Risotto. . .tender, creamy arborio rice, slow simmered in a flavorful broth, with lots of butter and cheese. It’s so good I could eat just that for dinner and call it a day.
My favorite risotto was served to me many years ago at a small, family-run restaurant in Kansas City. I can’t even remember the name of the place, but let me tell you, they served a mean risotto with roasted chanterelle mushrooms, fresh parmesan, wine, lots of butter and even truffle shavings. It literally melted in my mouth. But I may not have enjoyed that amazing dish had it not been for a passionate, young server. You see, while reviewing the menu I was concerned about the rich risotto’s calorie count and thought I should have something lighter. . .But when I expressed hesitation to my server, he told me in no uncertain terms “There’s nothing wrong with enjoying something truly decadent once in a while, because you only live once!” Well, that was all I needed. . .and soon it was there, in front of me – a steamy bowl of deliciousness.

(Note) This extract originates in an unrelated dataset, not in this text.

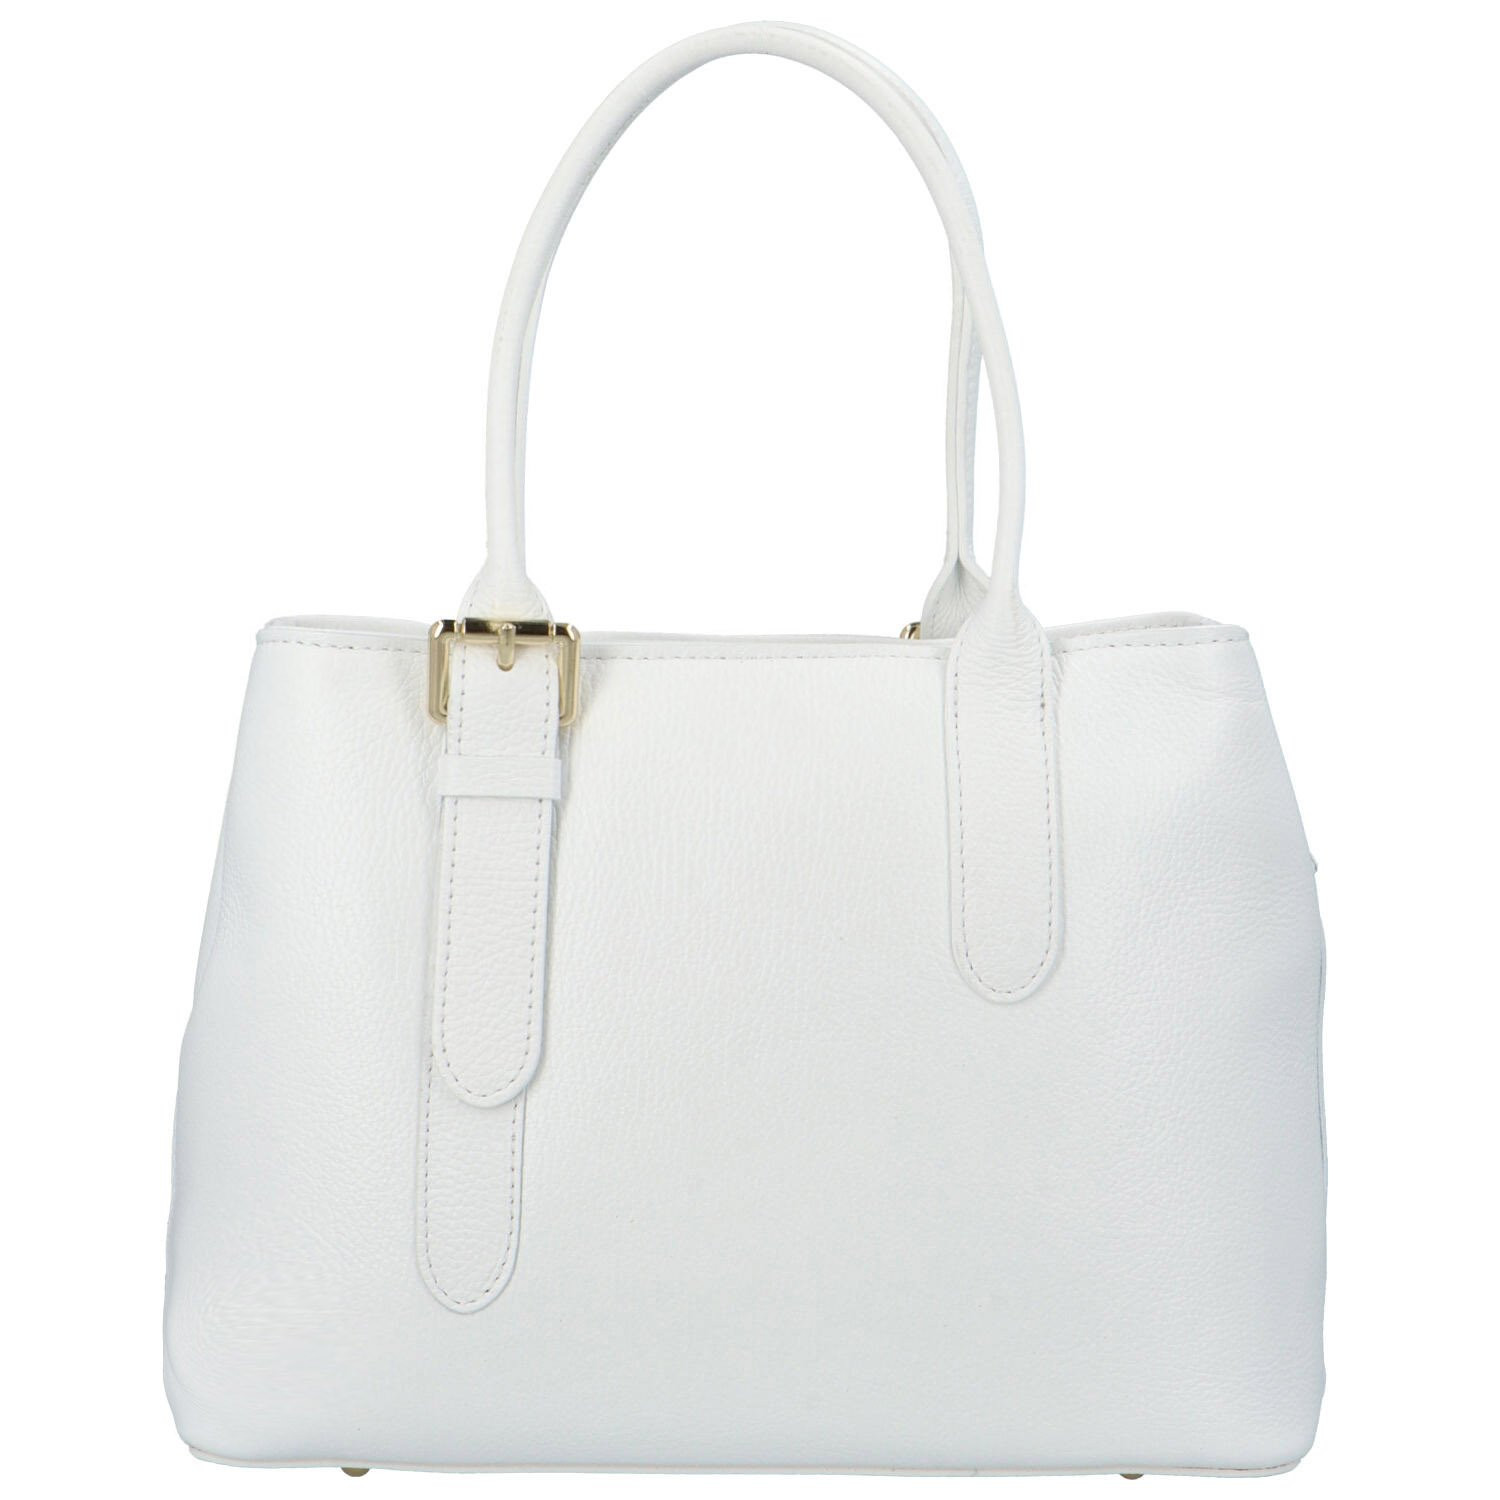 Dámská kožená kabelka do ruky bílá - Delami Solida bílá

Since it’s not really smart to regularly enjoy a big bowl of rich, creamy rice for dinner, it’s wise to have an alternate recipe in your arsenal — something a little lighter, you know? This recipe is made with that little rice-shaped pasta called orzo. It’s normally cooked like pasta, in boiling water, then mixed into whatever your heart desires. But today I’m starting it dry in a skillet with tasty oils, onions and garlic — just like the starting process for risotto!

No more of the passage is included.